■ **Data shown**:
□ □ □ □ □

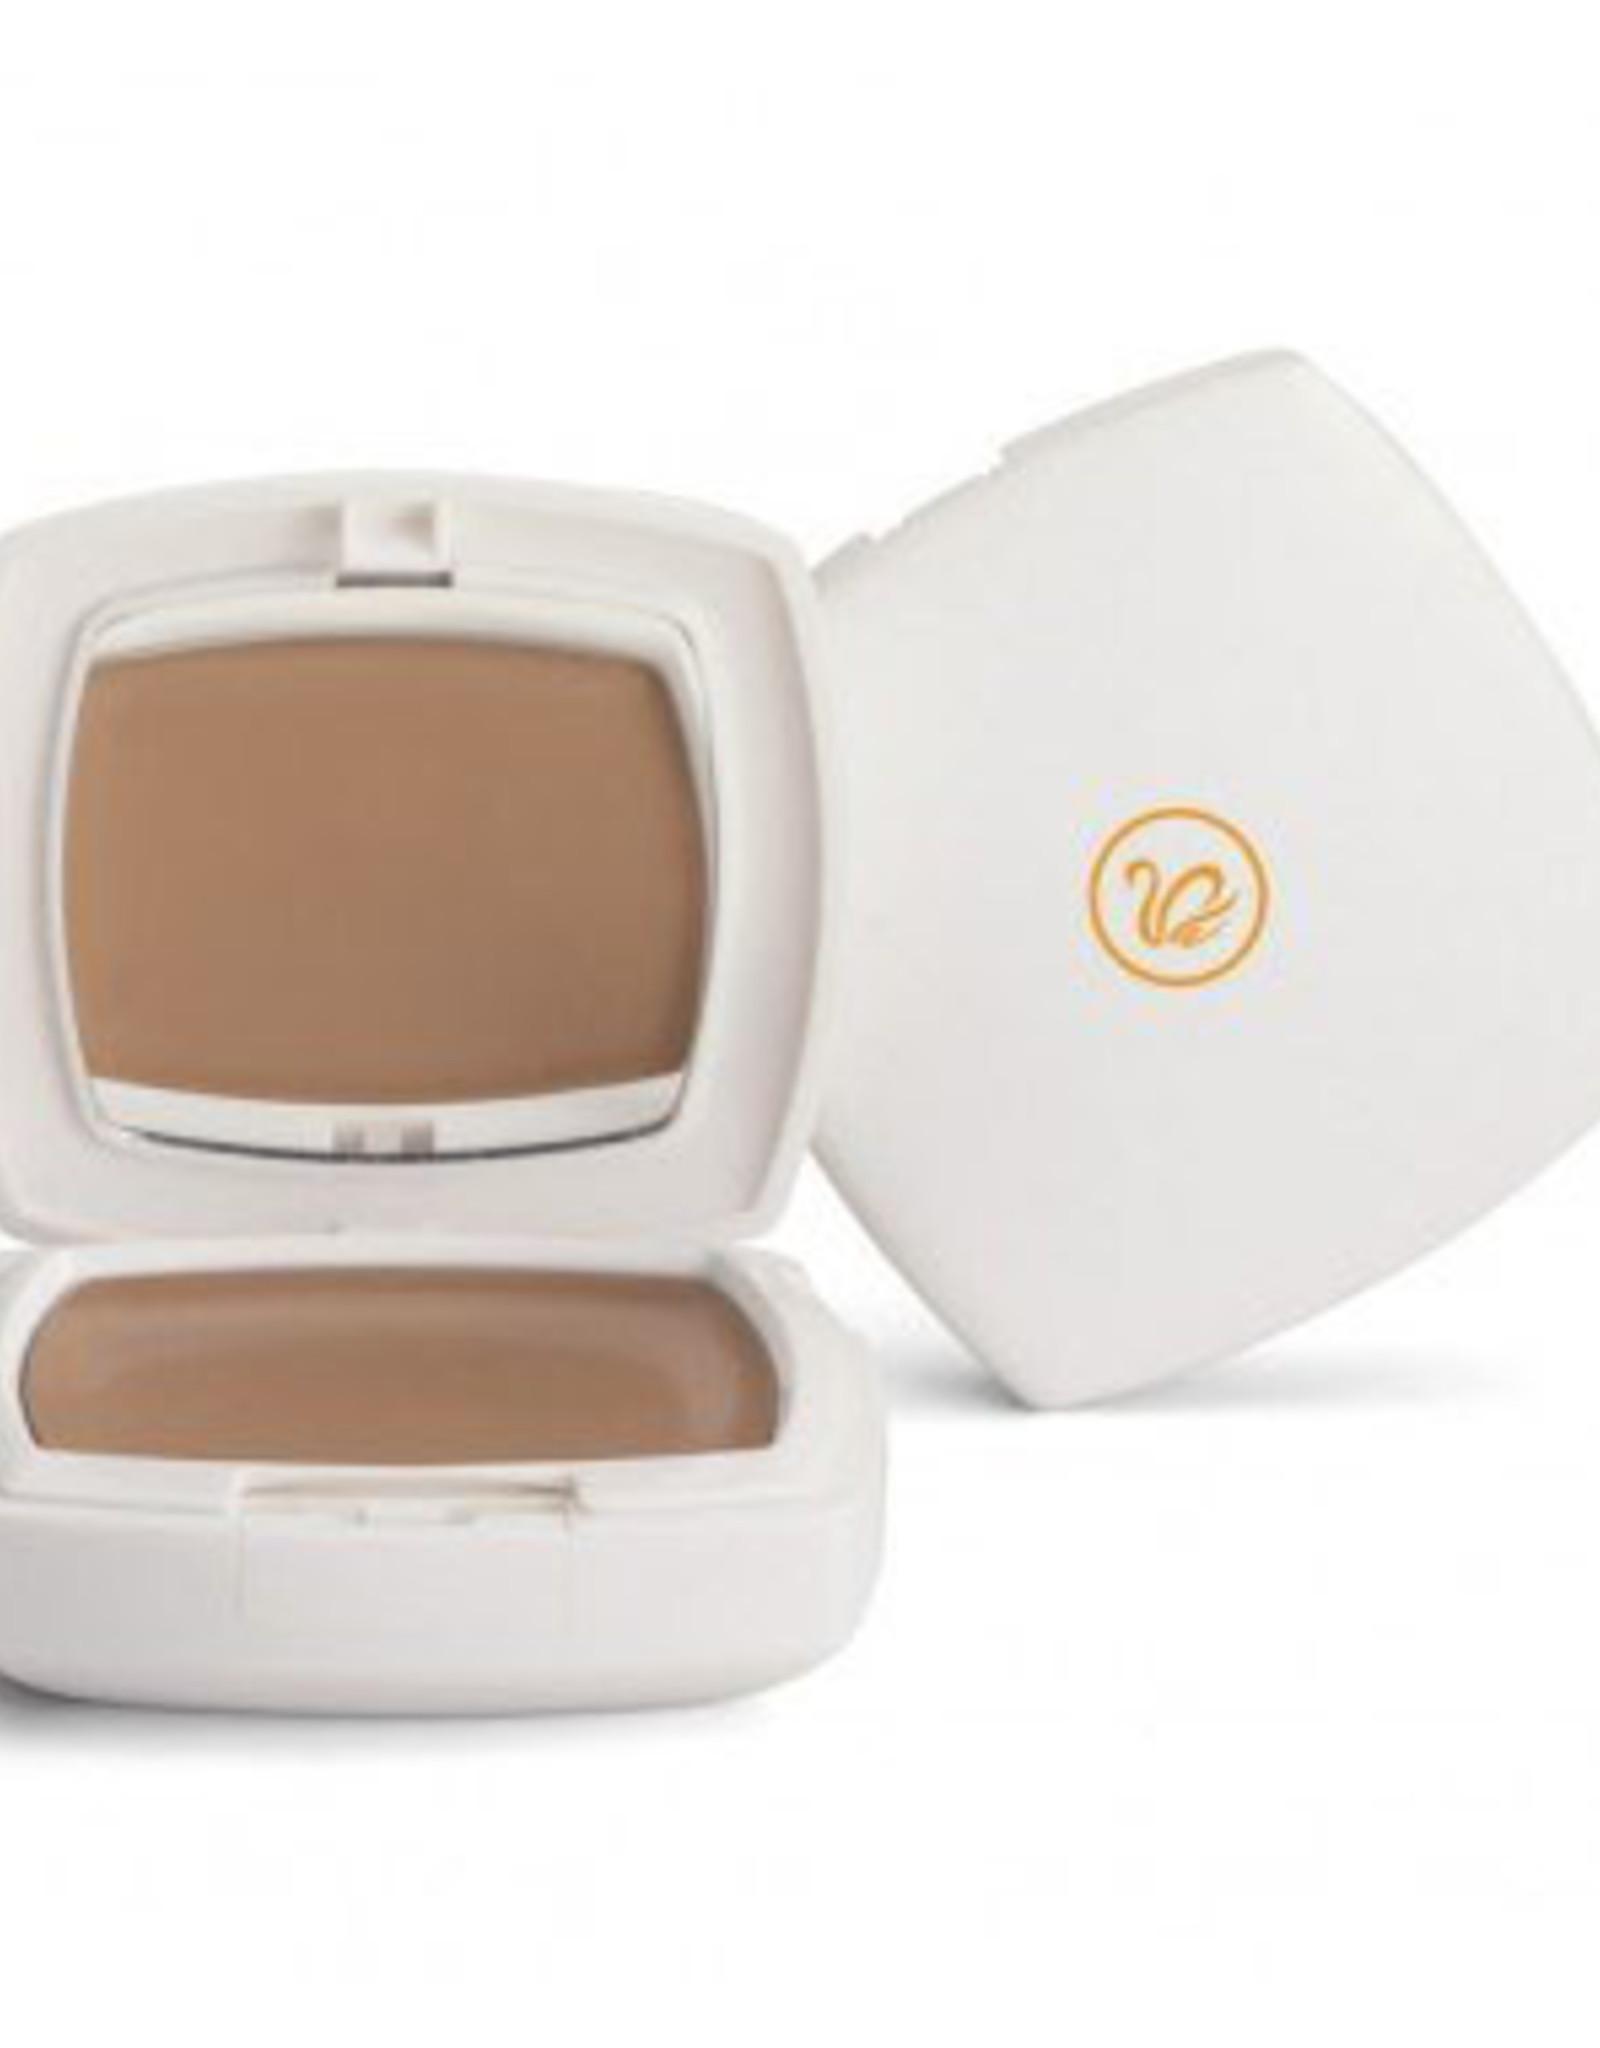 Germaine de Cappucini Hi-Protection Make-Up Bronze SPF 50
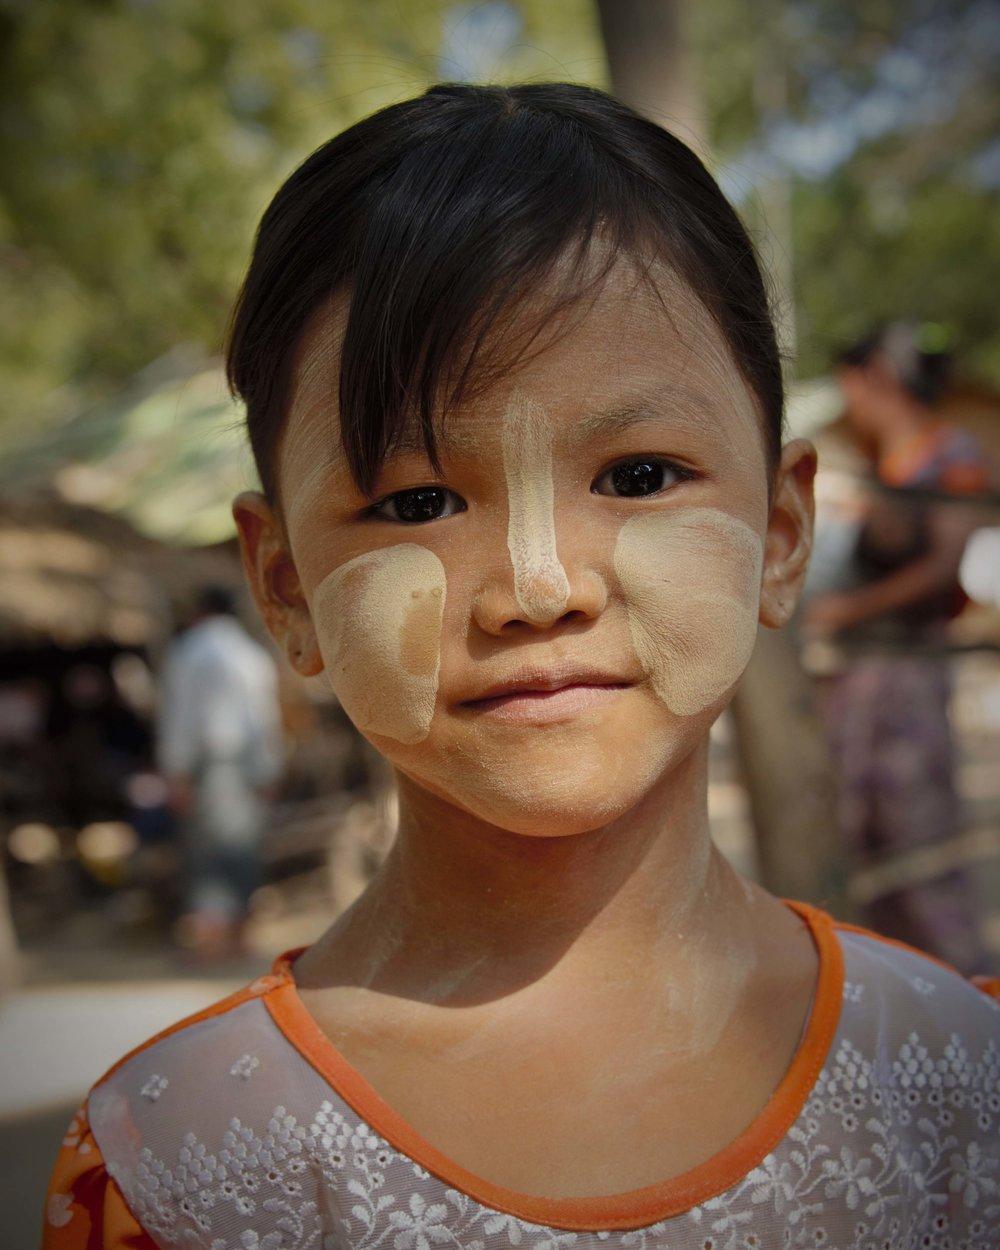 Young girl showing off her tanaka makeup, Bagan, Myanmar
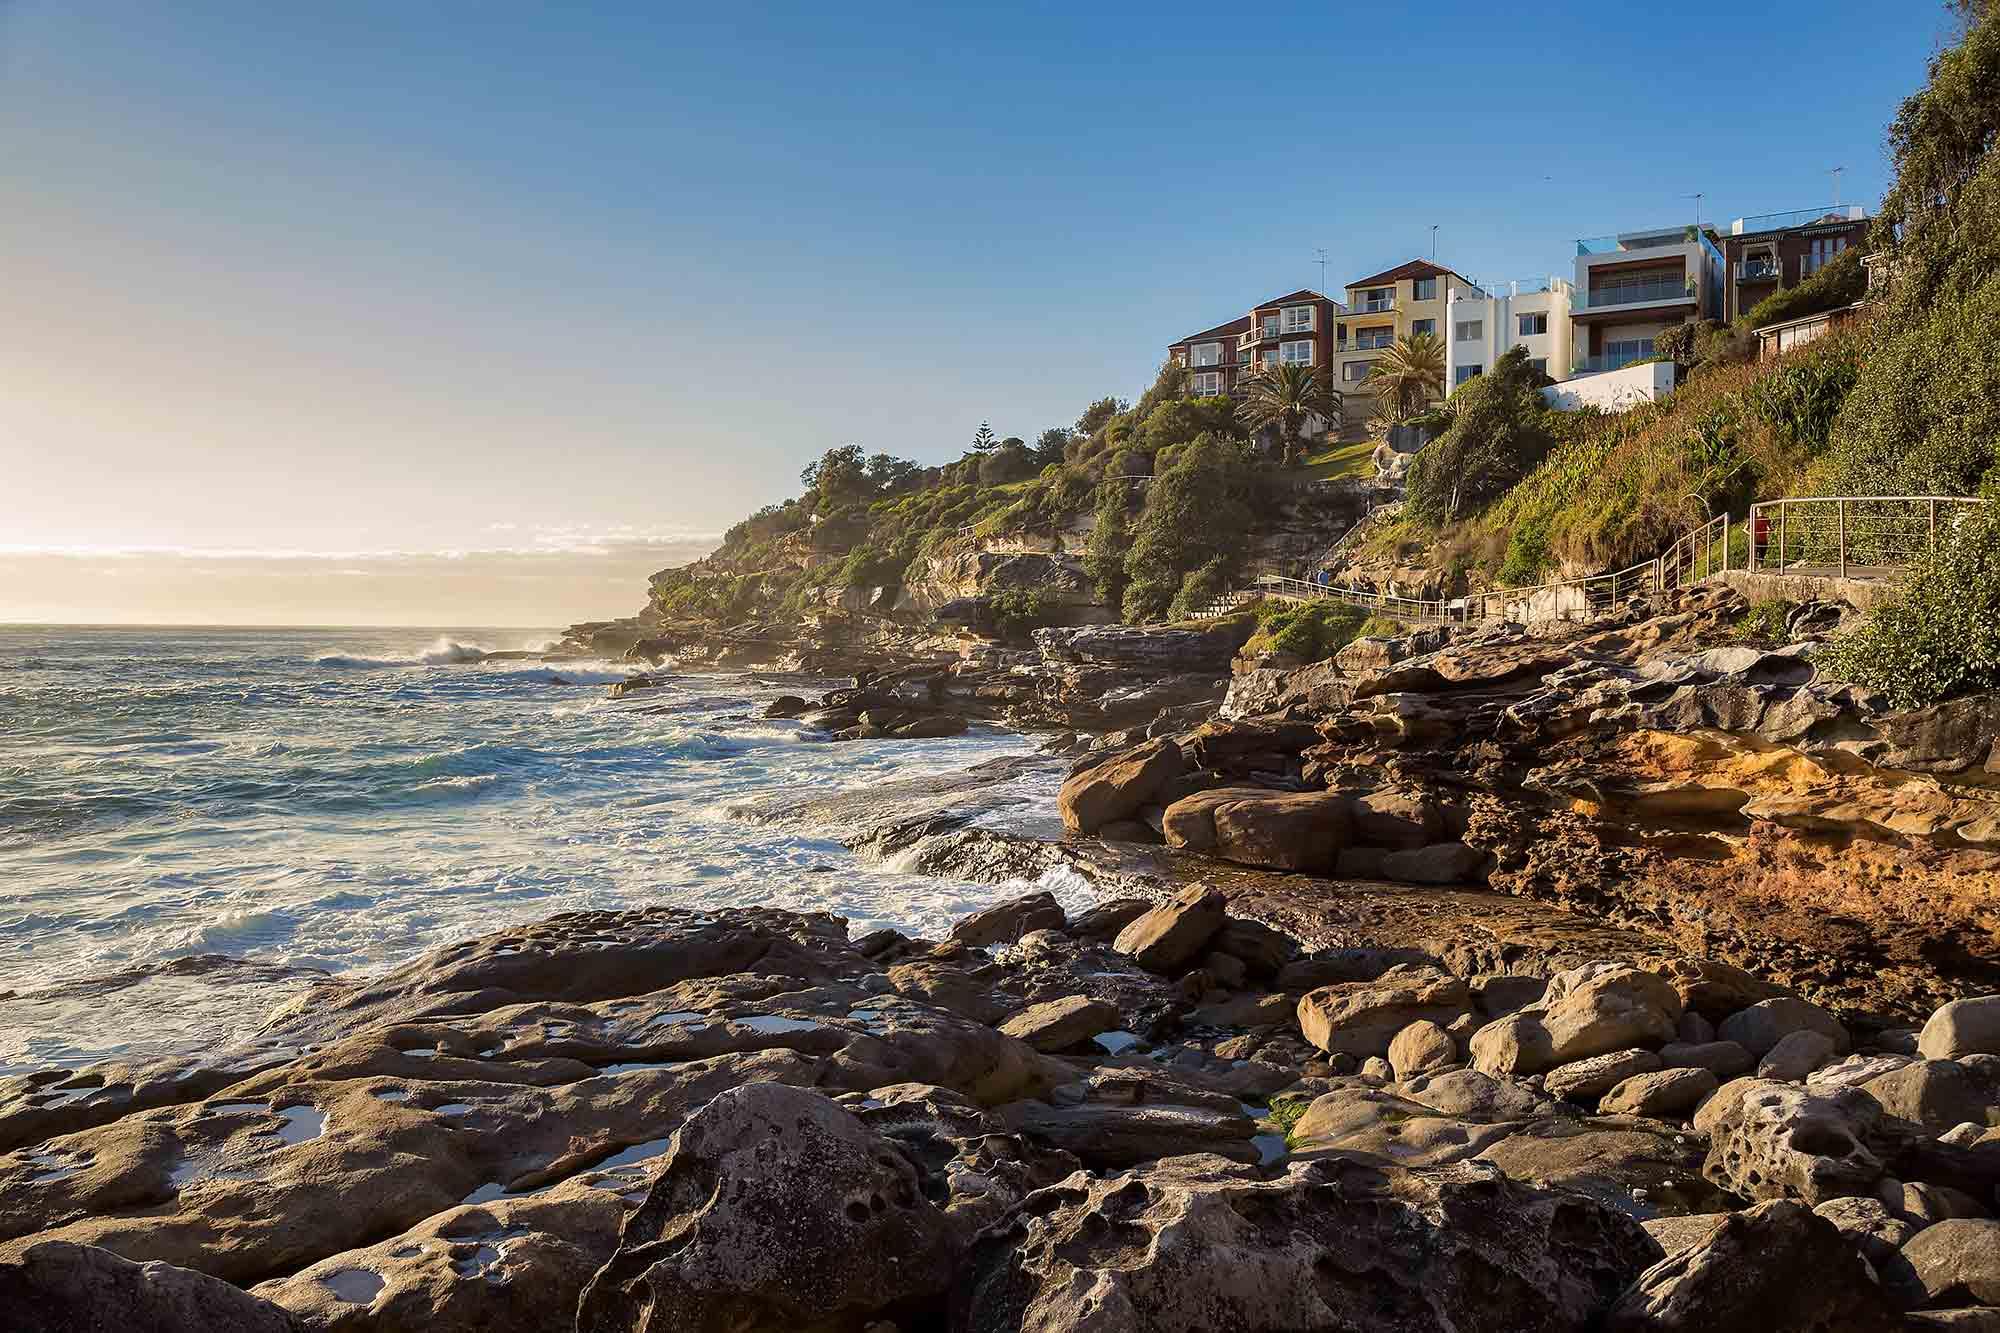 Sydney Coastal Walk. © Ulli Maier & Nisa Maier
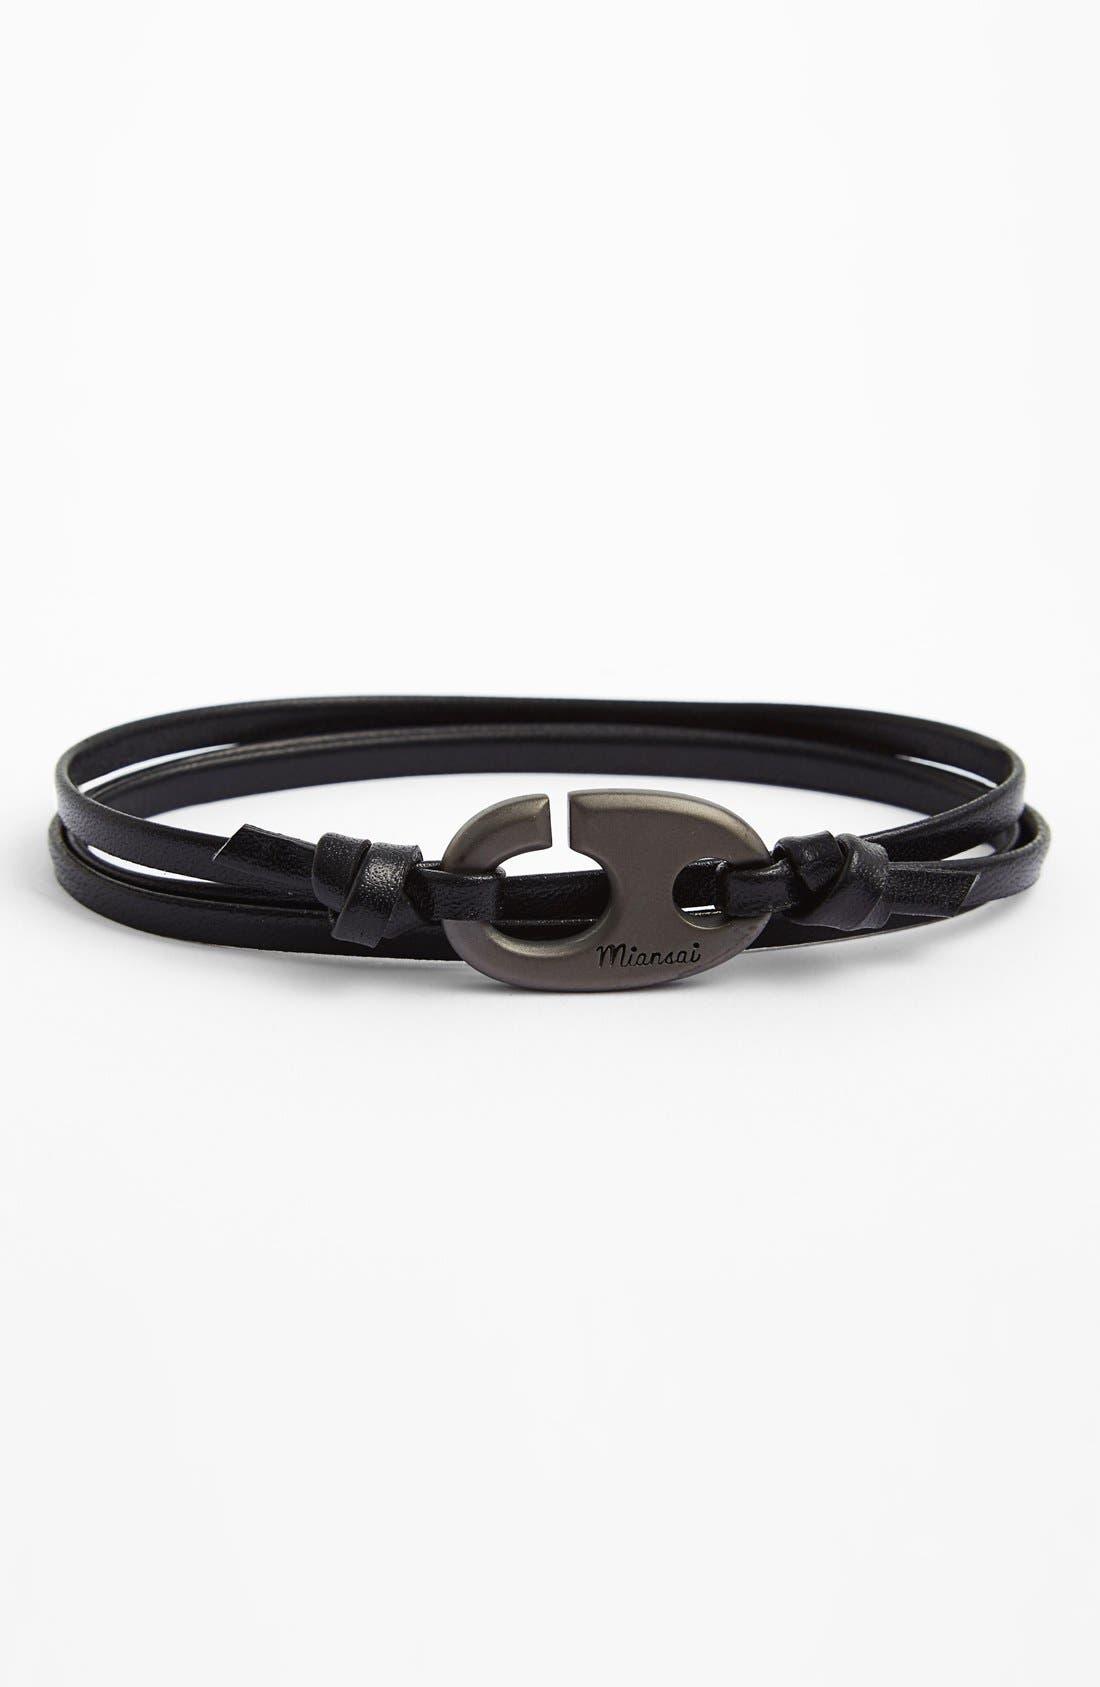 Main Image - Miansai Gold Plated Brummel Hook Leather Bracelet

□ □ □ □ □

Each line above should be output exactly, apart from the pictures.

■ **Solved problem**:
 Germaine de Cappucini Hi-Protection Make-Up Bronze SPF 50
 Young girl showing off her tanaka makeup, Bagan, Myanmar
 Sydney Coastal Walk. © Ulli Maier & Nisa Maier
 Main Image - Miansai Gold Plated Brummel Hook Leather Bracelet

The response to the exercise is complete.